WHAT YOU ARE ASKED TO DO
For the data below, retype word for word the lines from the one containing "Pôster Do Flamengo" through the one containing "Hermes - Manteau"; drop the pictures.

MATERIALS PROVIDED
——

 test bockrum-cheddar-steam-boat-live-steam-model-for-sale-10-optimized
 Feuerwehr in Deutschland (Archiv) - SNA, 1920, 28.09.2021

——

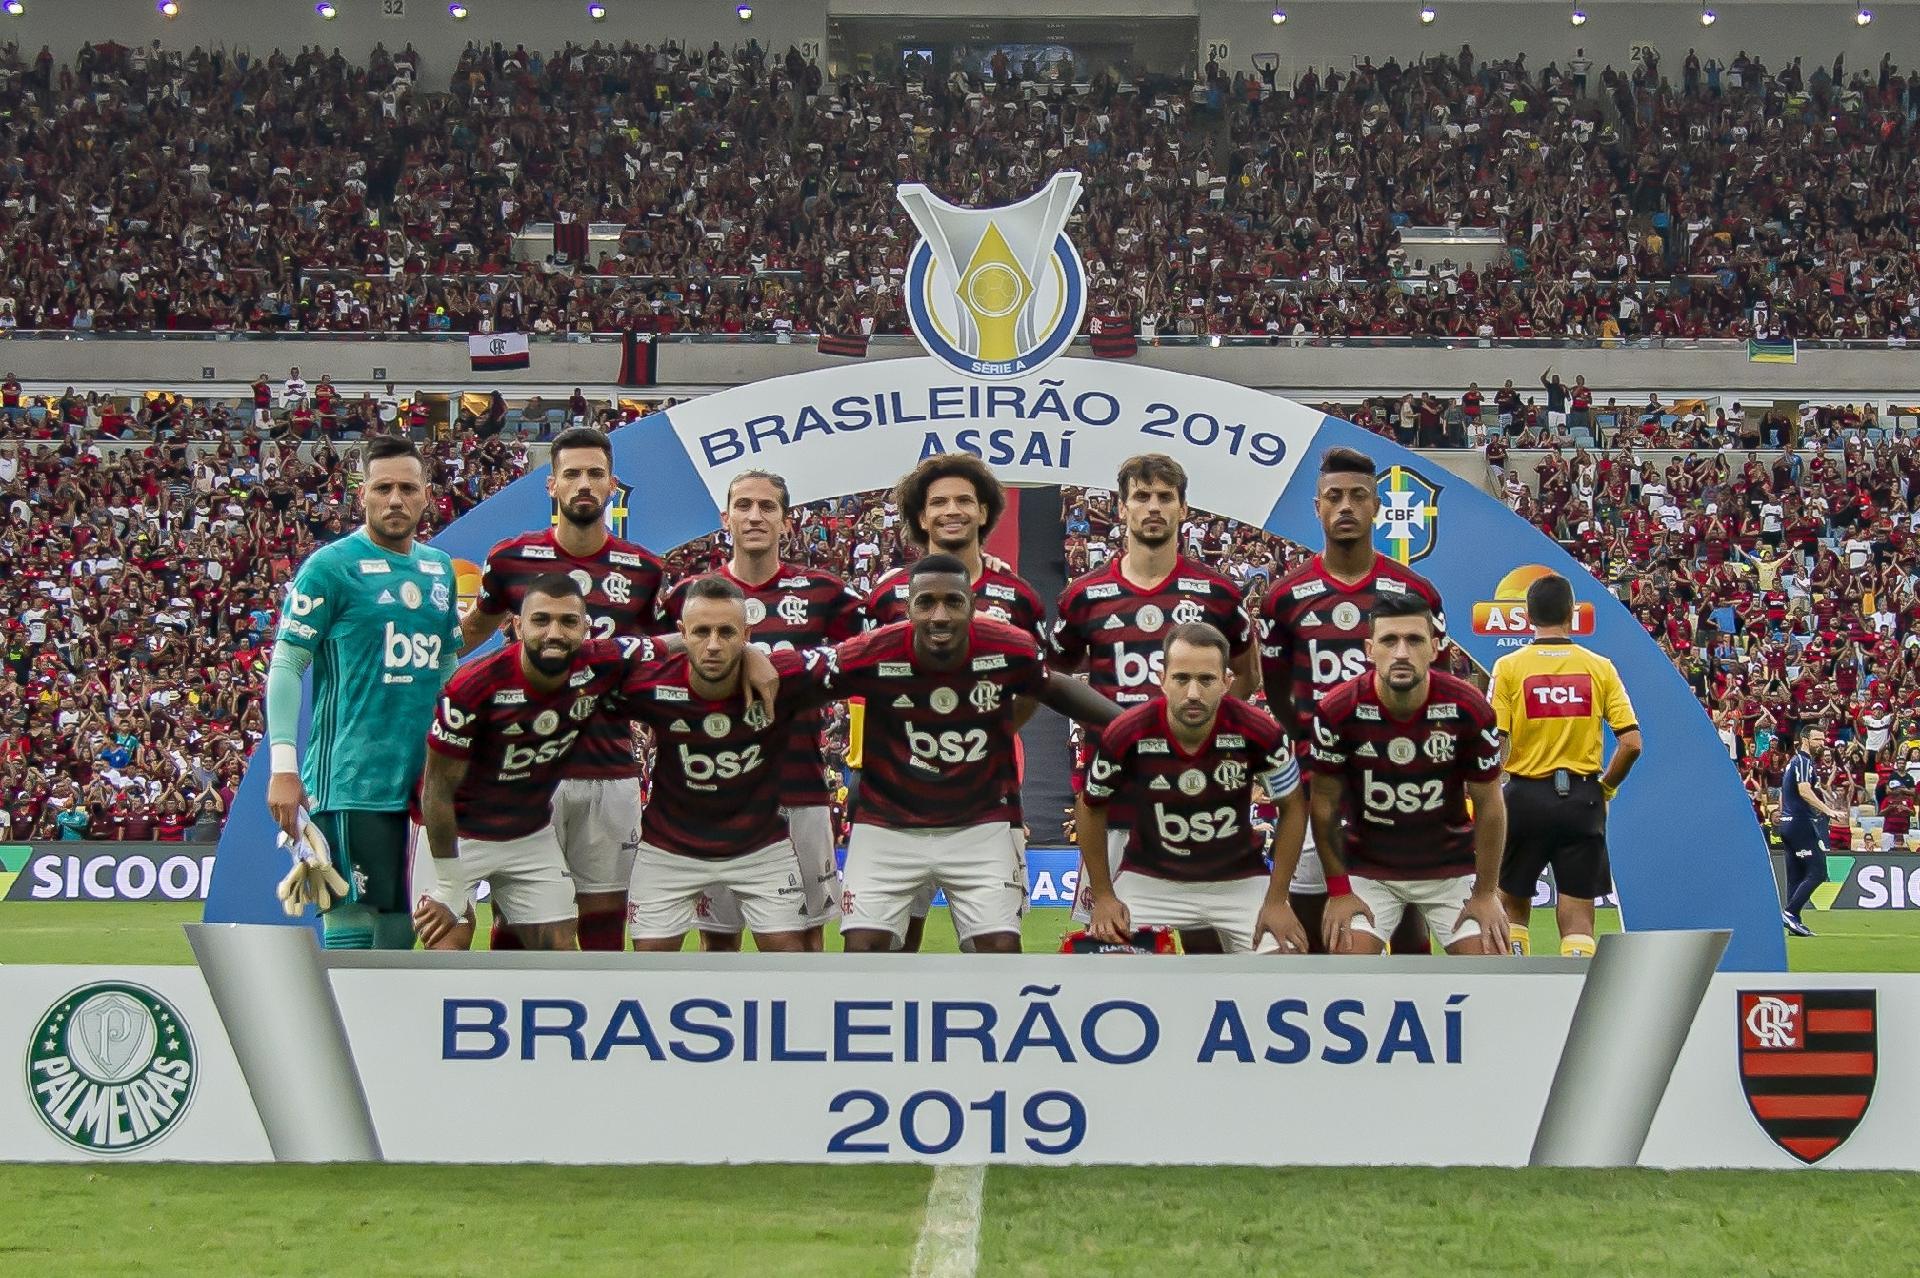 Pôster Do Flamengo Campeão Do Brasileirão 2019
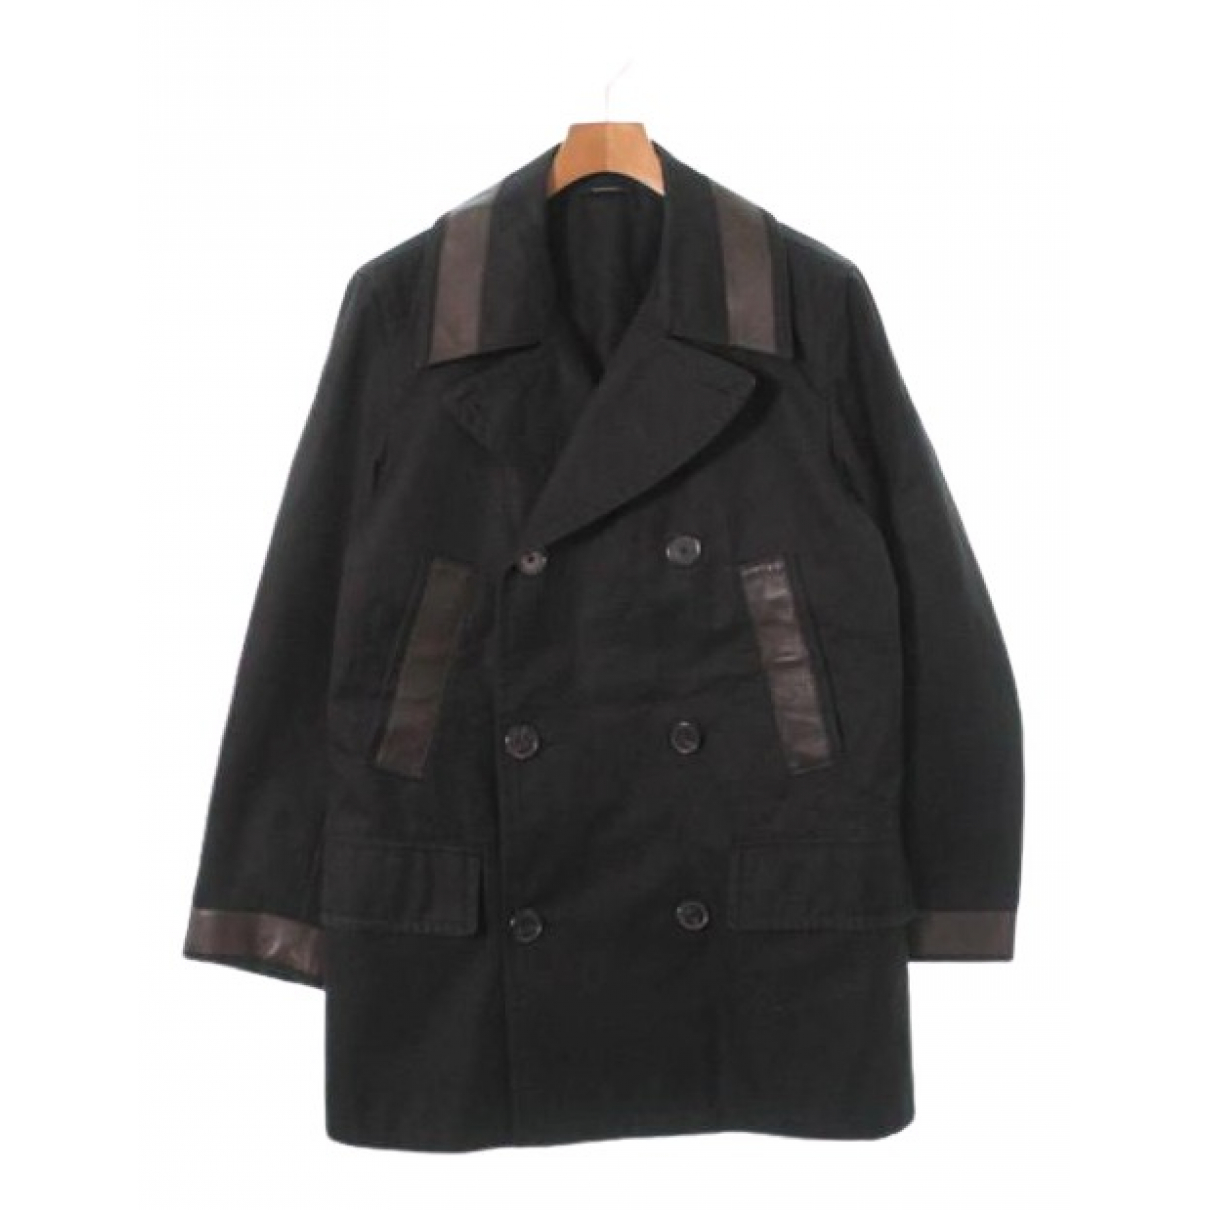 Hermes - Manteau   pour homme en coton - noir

——

EXERCISE RESPONSE
 Pôster Do Flamengo Campeão Do Brasileirão 2019
 Hermes - Manteau   pour homme en coton - noir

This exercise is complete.